Hotstar's latest 10-episode web series, City of Dreams, has a star director and co-writer, Nagesh Kukunoor, who has given us films like Hyderabad Blues, Rockford, Iqbal and Lakshmi. These were small, tightly knit and probably easier to manage than City of Dreams – which runs to about eight hours and details the lives of innumerable characters, some who could have been dispensed with.

Set in the murky, crime-infested waters of Mayanagari or Mumbai, Kukunoor's series is in many ways a typical gangster/political drama with bad guys and good guys having a free run all over the small screen. The adventure begins with corrupt Maharashtra Minister Gaekwad (played with superb dignity and finesse by Atul Kulkarni) being shot when his car stops by a roadside shop. Two men on a rickety two-wheeler creep along the car and in an amateurish way pump three bullets into Gaekwad. If the assassins seemed like bumbling fools, the Minister's bodyguard appeared even more incompetent, failing to shoot down the criminals or get alert when he sees the tottering vehicle approaching the car.

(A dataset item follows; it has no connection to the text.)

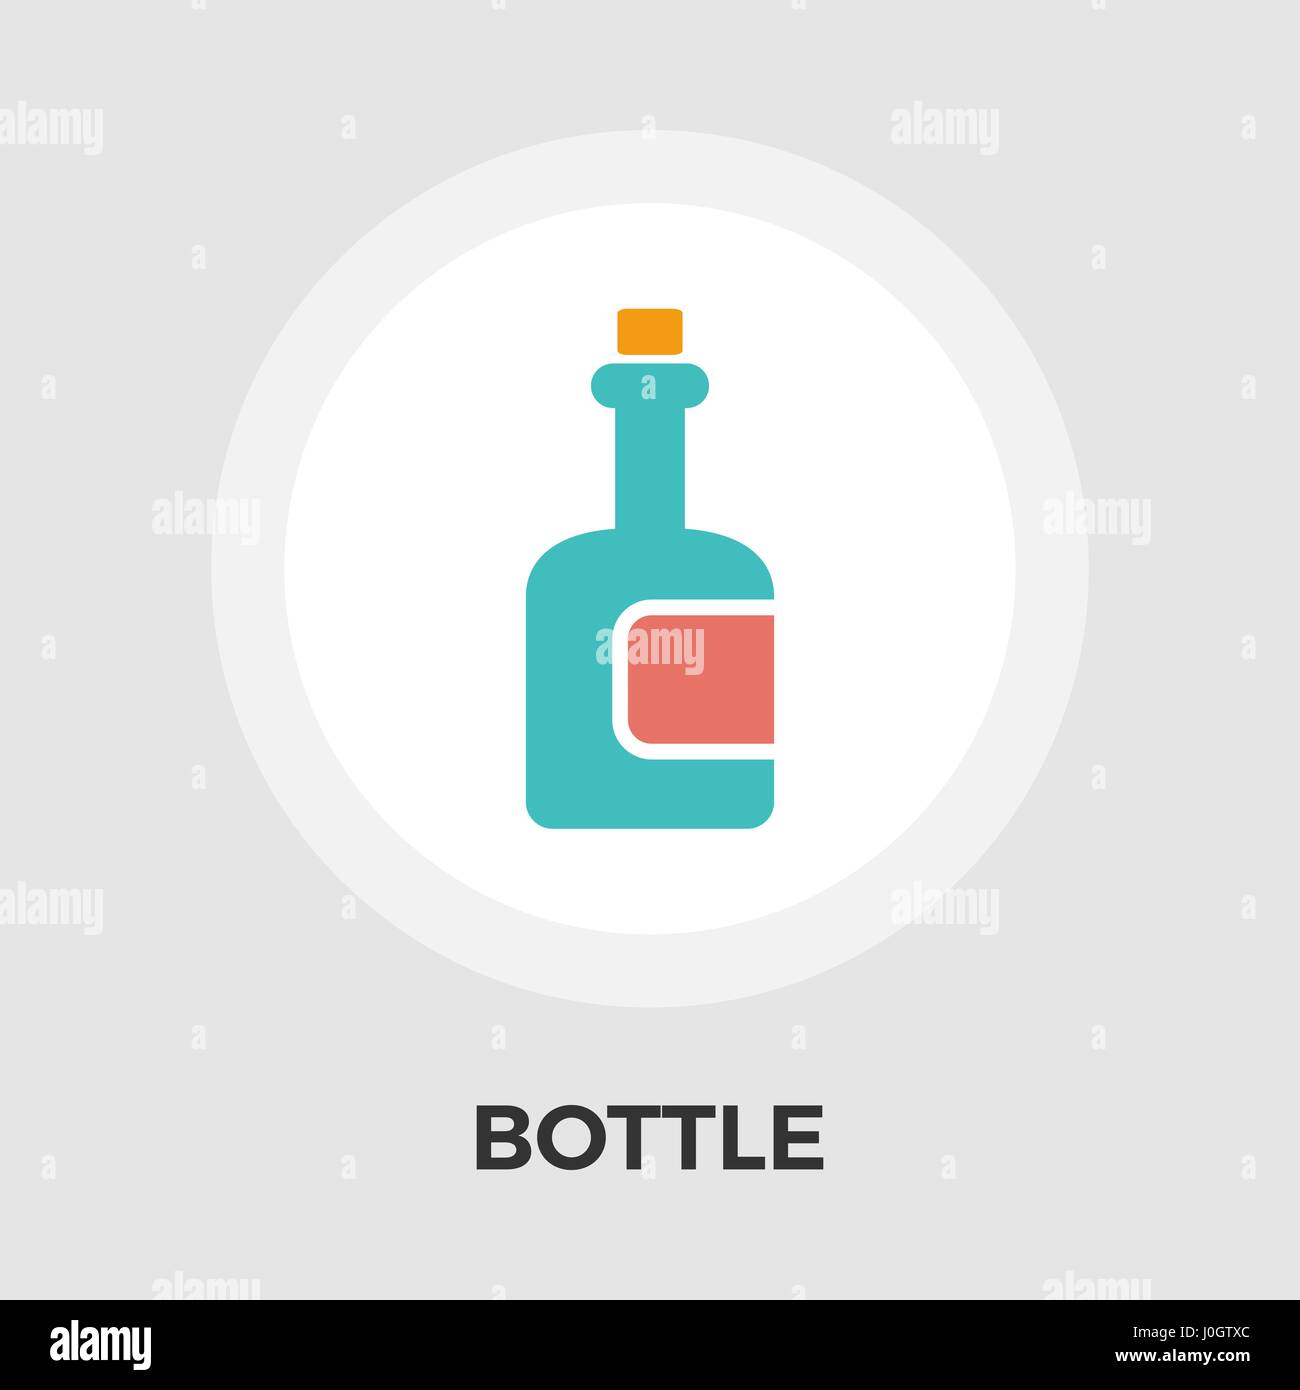 Bottle icon vector. Flat icon isolated on the white background. Editable EPS file. Vector illustration. Stock Vector

Such bad writing, scripting and even helming do not give even a reasonably good first impression, and the series moves, towards a horrific climax, after littering the path with blood and dead men. Gaekwad's son, Ashish (Siddharth Chandekar) and daughter Poornima (Priya Bapat), get into the act of trying to figure out the villain of the piece, but then they also have to grapple with an uncertain future with their father slipping into a coma after the attack.

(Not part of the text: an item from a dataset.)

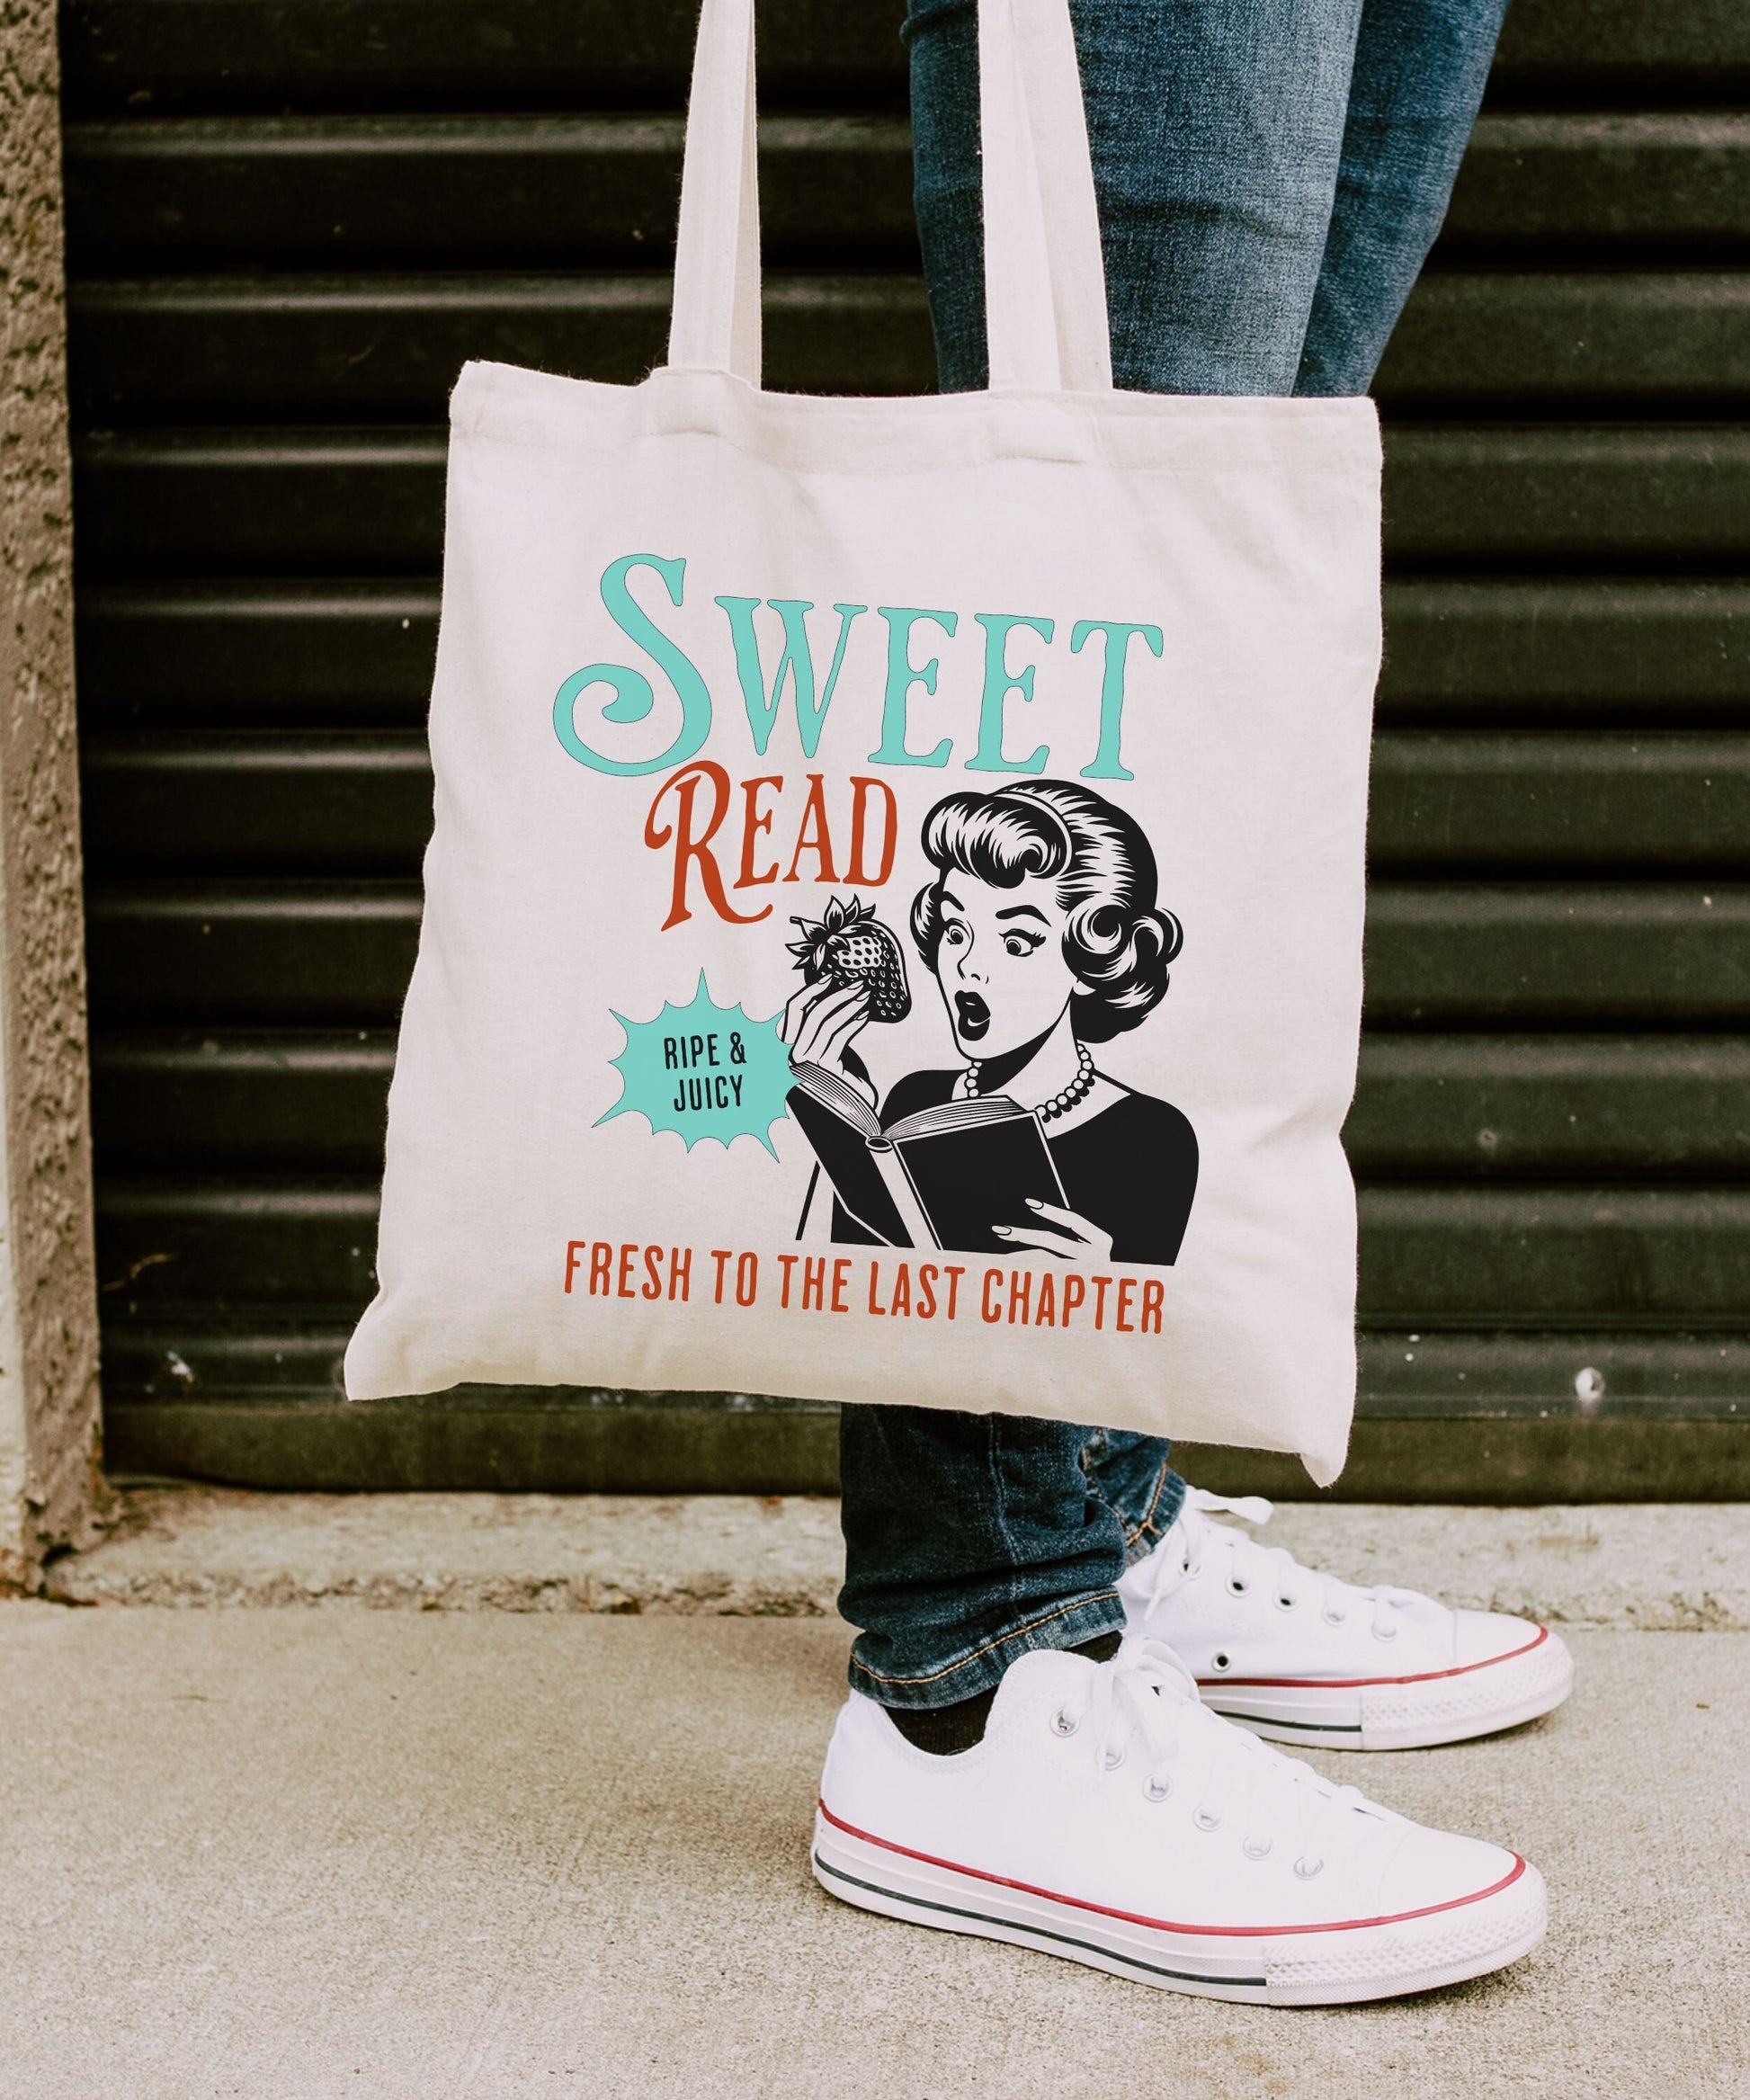 Sweet Read Strawberry Tote Bag, Bookish Things Totebag Smut Gifts Read Banned Books Booktrovert Book Club Bag Library Bag Book Themed Gifts

While Ashish and Poornima are close to each other, one cannot miss the underlying tension, worrying as they do about the future of Gaekwad's political party that the man had built over the years . And who is going to lead it if he does not wake up?

While Ashish is a drug addict and has a temper, Poornima is level-headed, has all the makings of a good leader. But in a country where male dominance often translates into male succession, Poornima realises the vulnerable position she is in.

City of Dreams has a couple of parallel narratives running, but at least one of them about a prostitute, Katrina (Amrita Bagchi), and her lover-boy (Vishwas Kini), appears completely redundant. And there are far too many scenes that could have been edited out, making the series tighter and an easier watch. Infused into the main plot is also the story of Wasim (a hard-to-forget performance by Eijaz Khan), the cop who thinks he is 007, trigger happy and switching sides with no qualms.



Honestly, Kukunoor and writer-companion, Rohit Banawlikar, give away too many clues, and viewers can easily guess how the series will pan out. While it is much too glossy, making the whole series look like the setting of a rich-fat Indian wedding (with Bapat and Chandekar appearing all dressed up all the time), the tendency to paint Ashish all black and Poornima all white is like letting the cat out much too soon.

And, though City of Dreams does get into the nefarious world of money politics (with Sachin Pilgaonkar essaying Maharashtra's wily Chief Minister, Jagdish Gaurav), there is precious little that we do not already know

Rating: 2/5

(Gautaman Bhaskaran is an author, commentator and movie critic)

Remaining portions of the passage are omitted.